C'est pourtant ainsi que furent autorisées et construites nos centrales nucléaires : aucune solution n'avait été prévue pour le stockage et le traitement des déchets !

Dès le début, les associations écologistes, puis les Verts, ont alerté les pouvoirs publics et la société civile sur les risques encourus : accidents aux conséquences irrémédiables à l'échelle de milliers d'années, menaces pour les travailleurs, problème du transport de combustible, dépendance pour la fourniture d'uranium, opacité, liens étroits avec le nucléaire militaire, risque de dissémination de la technologie et, bien sûr, héritage funeste pour les générations futures avec les déchets.

Ceux qui, hier, s'en gaussaient et promettaient la vitrification totale pour les mois suivants et la transmutation les années suivantes sont désormais plus modestes. Les recherches se multiplient, les rapports s'accumulent : le rapport Le Déaut du 21 avril 1992, le rapport Bataille de 1990, le rapport Bataille de 1996. Mais, hormis quelques préconisations, toujours pas de solution, rien en vue !

En janvier 2005, la Cour des comptes a évoqué, au-delà du domaine sanitaire et environnemental, les risques économiques et financiers : où sont les provisions pour le démantèlement et la gestion des déchets des principaux opérateurs ? Et que deviendront-elles dans le cadre des ouvertures de capitaux dans des marchés concurrentiels ?

Monsieur le ministre, à une question écrite qui vous était posée par ma collègue Marie-Christine Blandin, vous avez apporté la réponse suivante, publiée dans le Journal officiel du 7 avril 2005 : « Cette responsabilité se matérialise dans les comptes par la comptabilisation au passif de ces entreprises -principalement le CEA, EDF et AREVA - de provisions pour charges nucléaires de long terme ». En clair, ces opérateurs ne disposent manifestement pas des fonds suffisants, à l'heure actuelle, pour la gestion des déchets nucléaires !

Pour faire face à cette lacune, vous révélez que ce n'est qu'au dernier trimestre 2004 qu'un groupe de travail réunissant les producteurs de déchets, l'ANDRA et les administrations concernées a été mis en place afin d'élaborer « un référentiel partagé d'évaluation des charges de traitement des déchets ». Certes, c'est une bonne initiative, mais elle risque d'être vaine.

En effet, si l'on sait que, pour les soixante-dix ans à venir, le démantèlement et le traitement des déchets en France devraient coûter quelque 63 milliards d'euros, on ne sait toujours pas combien coûtera l'enfouissement profond des déchets les plus dangereux.
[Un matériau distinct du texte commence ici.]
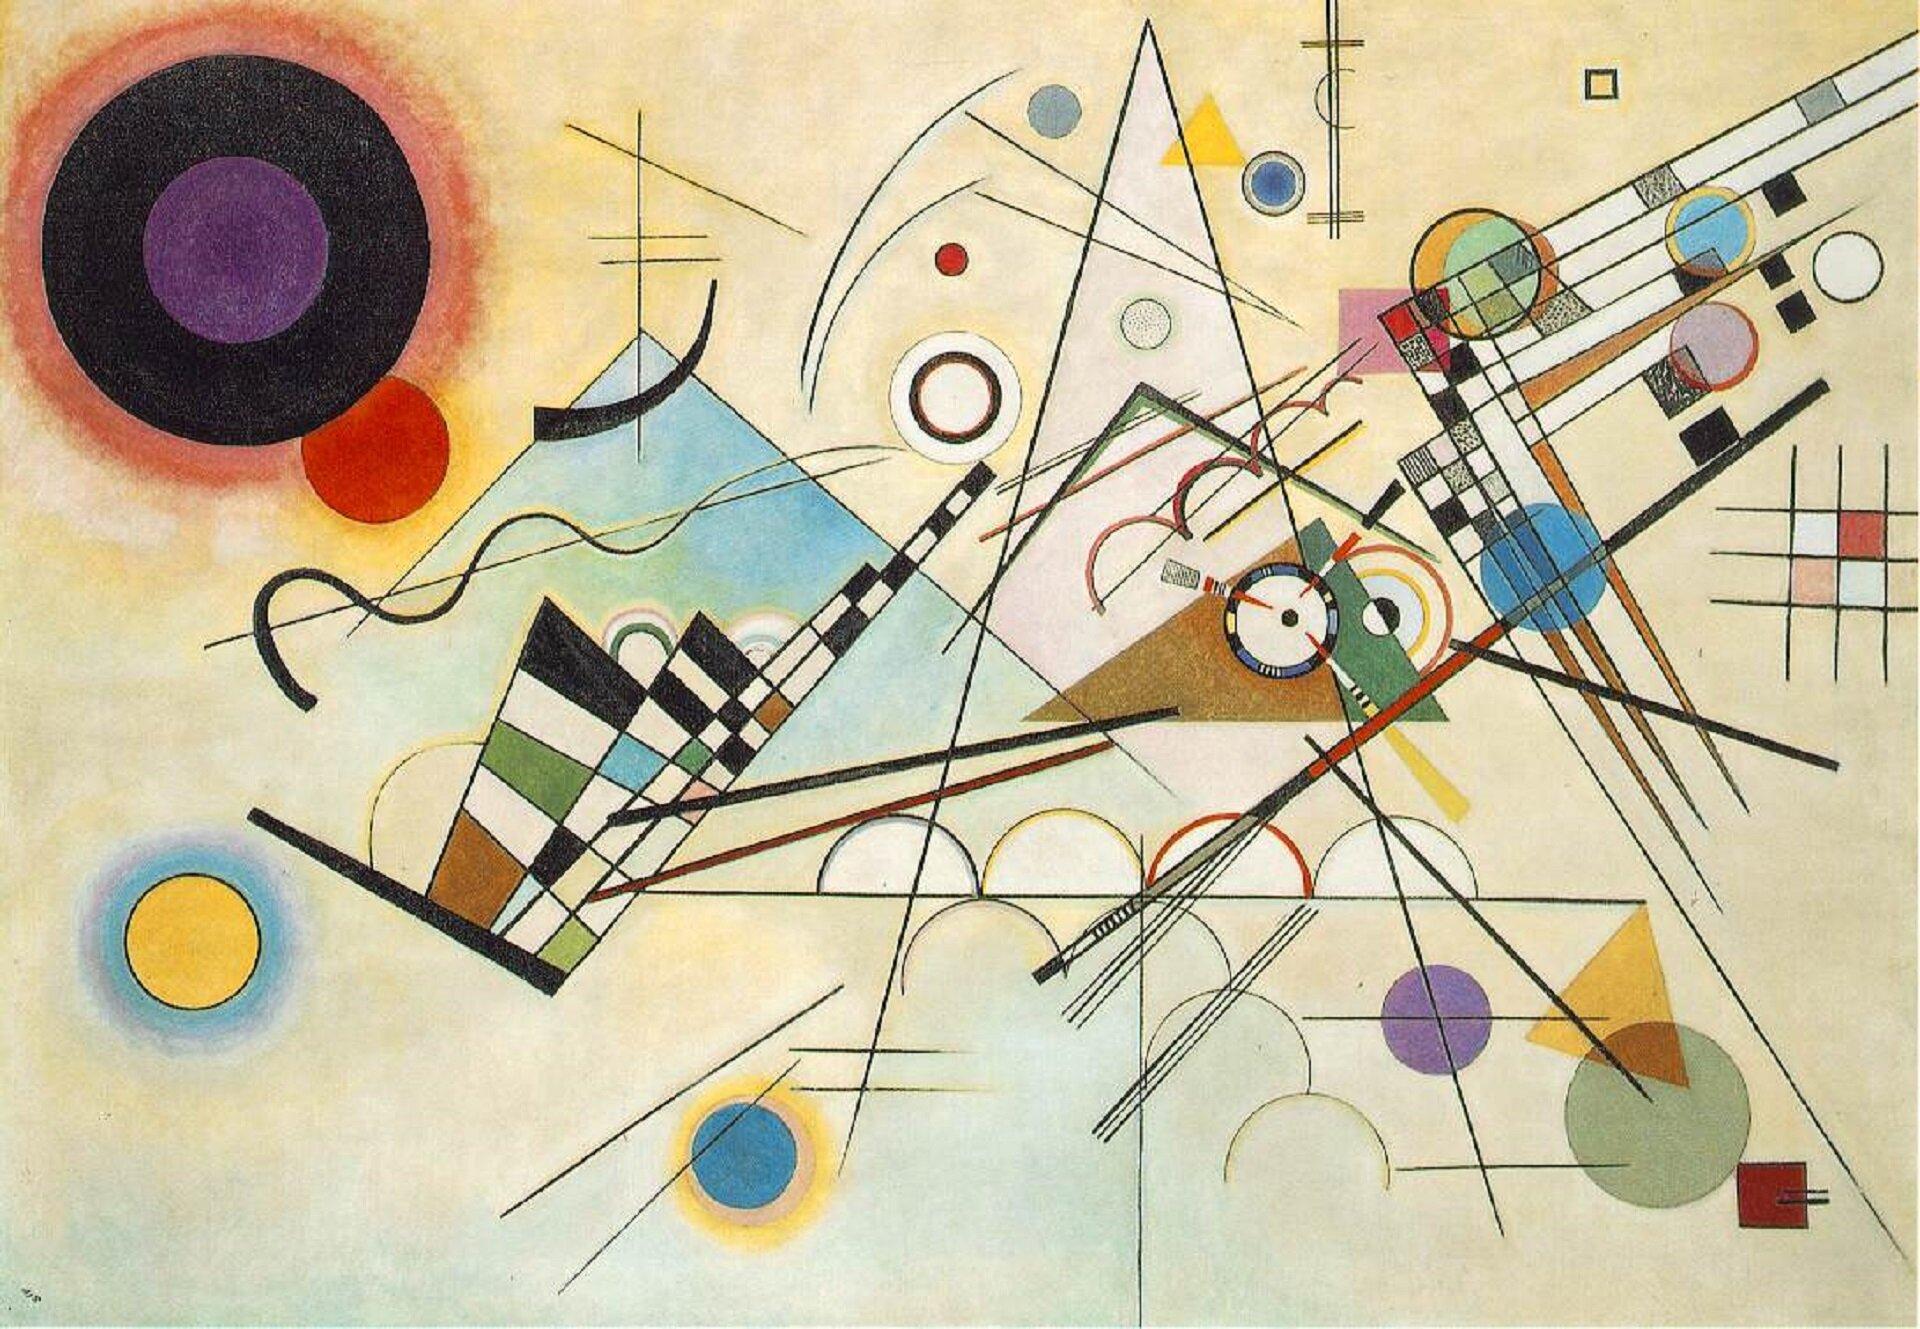 """Ilustracja przedstawia obraz olejny """"Kompozycja 8"""" autorstwa Wassila Kandinskyego. Abstrakcyjna, dynamiczna kompozycja składa się zluźno ułożonych, często nachodzących na siebie, różnej wielkości ikoloru figur geometrycznych, linii, trójkątów, prostokątów ikół. Podkład dla delikatnych, lewitujących wprzestrzeni kształtów stanowi ciepłe, jasne, żółto-błękitne tło. Mocnym akcentem kompozycji jest umieszczone wgórnym lewym rogu duże czarne koło zfioletowym środkiem irozmytą, czerwoną obwódką, zktórego zza dolnej prawej krawędzi wyłania się mniejsze czerwone kółko."""

Il paraît donc difficile de dédier des actifs lorsque l'on ne dispose pas de données précises quant à la somme à économiser.

Enfin, s'agissant de l'état des recherches en la matière, vous précisez, monsieur le ministre, que « la définition de la solution technique de gestion pour les déchets radioactifs est liée aux recherches sur la gestion des déchets radioactifs de haute activité et de moyenne activité à longue vie encadrés par la loi du 30 décembre 1991 ». Quel aveu !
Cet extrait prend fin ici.